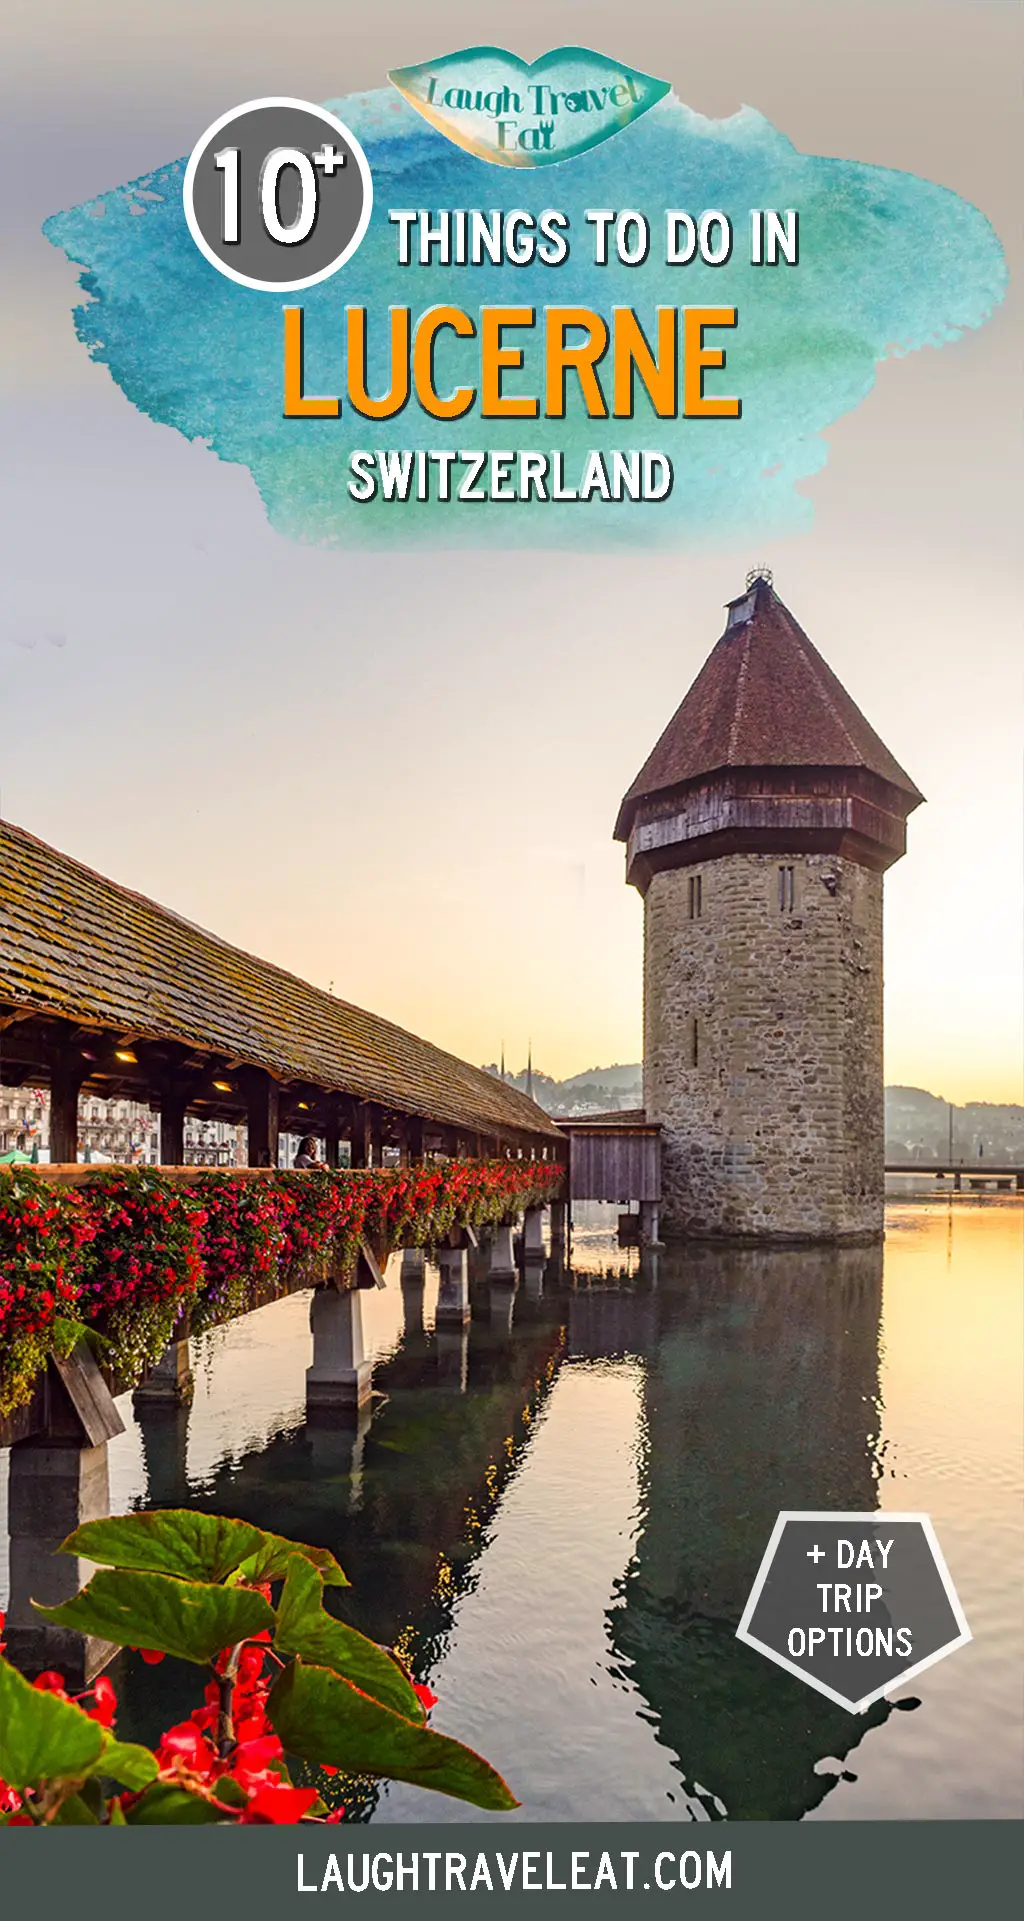 Lucerne is a historic city in the center of Switzerland on the River Reuss. There is a certain old time charm that lingers in its cobblestone streets and intricate painted medieval buildings that summon a sense of wanderlust like no other. Here is a guide to Lucerne and what to do around the city: #Lucerne #Switzerland
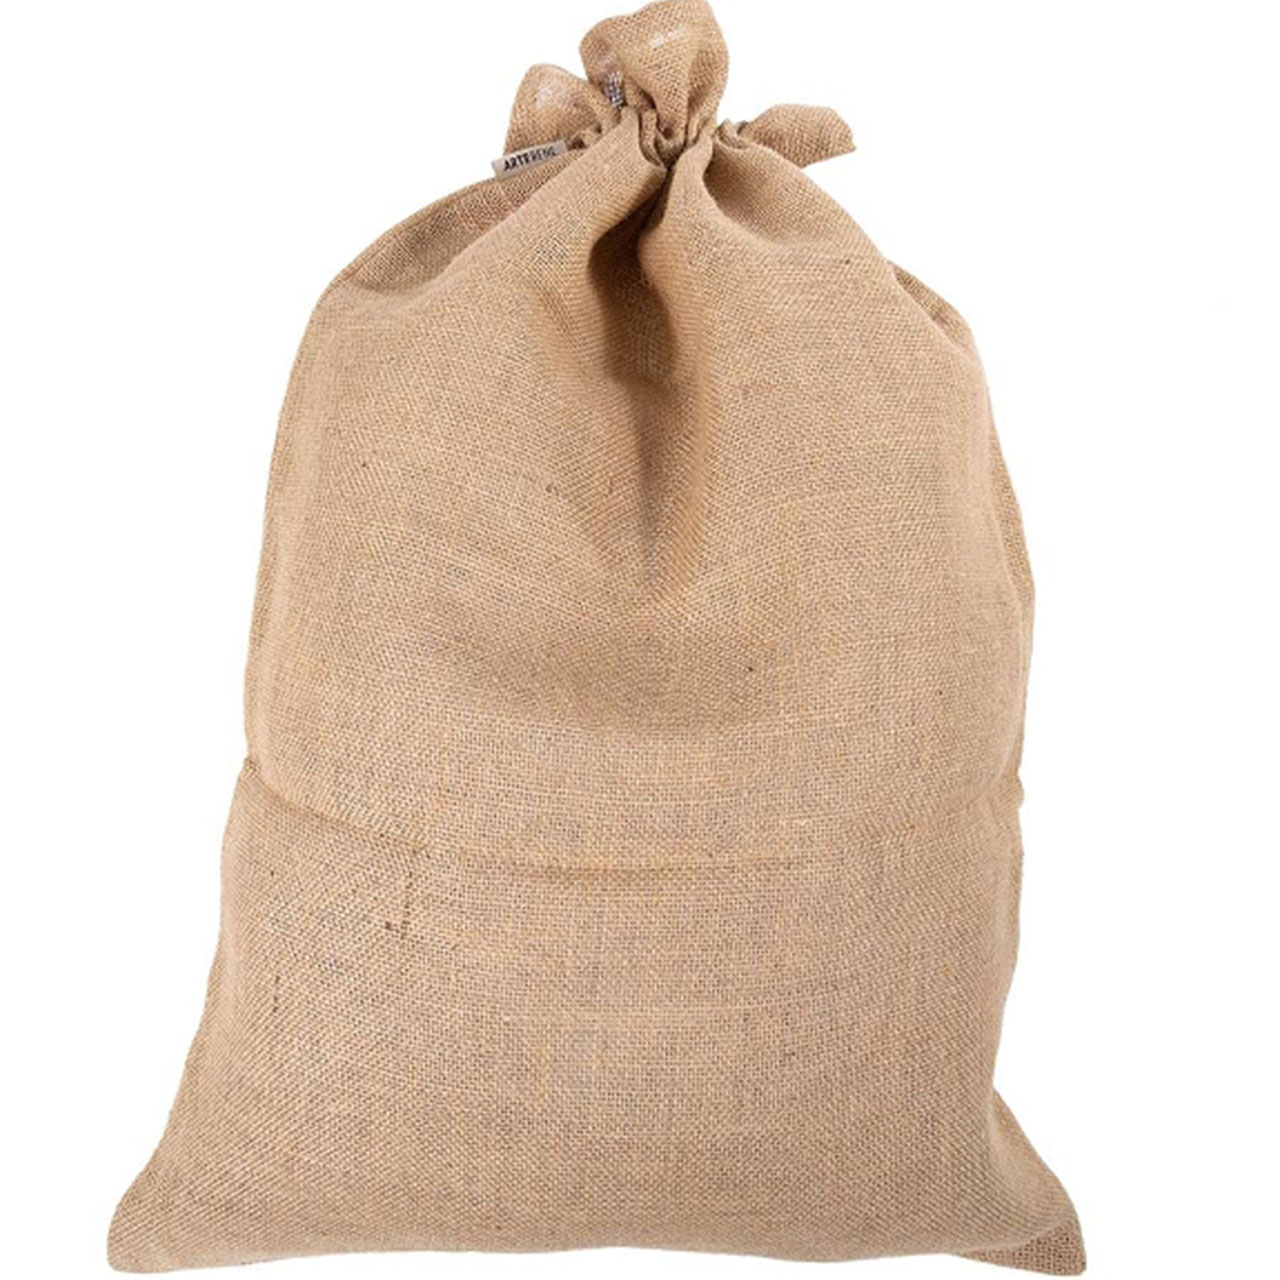 Jute Sack - Driving Home for Xmas (XL)
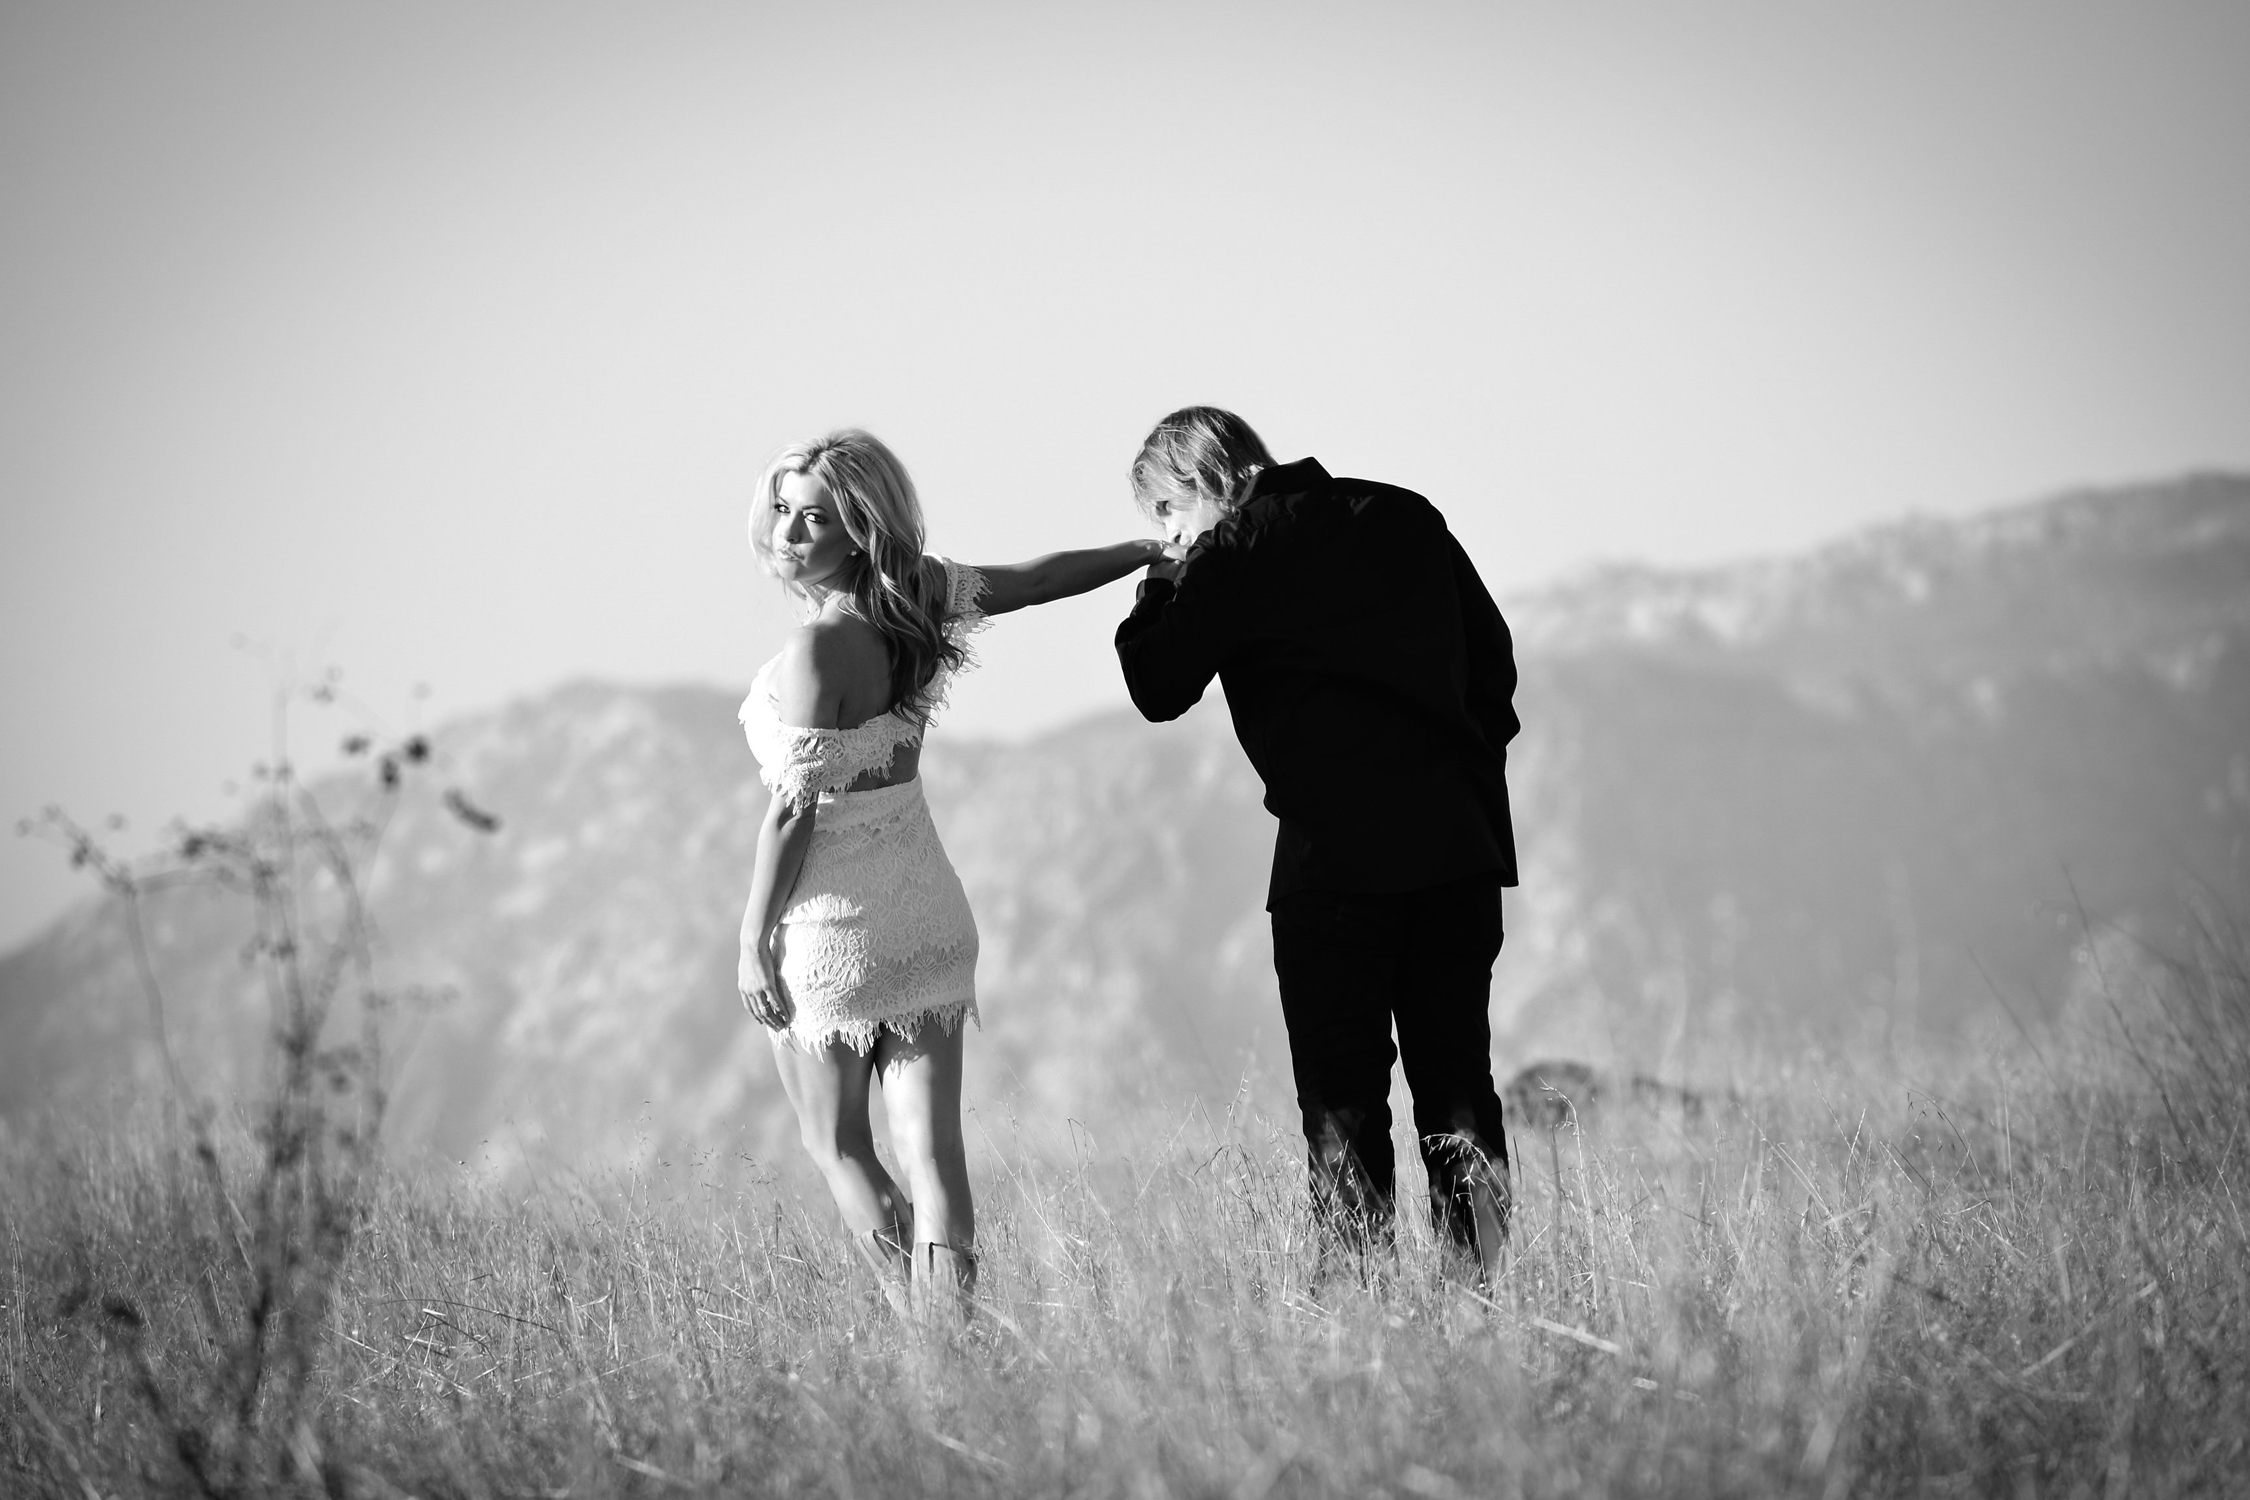 Andy-King-photography_engagement-session_shawna+ryan_web-002

★ ★ ★ ★

ASSIGNMENT: Could you retype every line above exactly as it appears, skipping the pictures?

EXERCISE ANSWER:
 Lucerne is a historic city in the center of Switzerland on the River Reuss. There is a certain old time charm that lingers in its cobblestone streets and intricate painted medieval buildings that summon a sense of wanderlust like no other. Here is a guide to Lucerne and what to do around the city: #Lucerne #Switzerland
 Jute Sack - Driving Home for Xmas (XL)
 Andy-King-photography_engagement-session_shawna+ryan_web-002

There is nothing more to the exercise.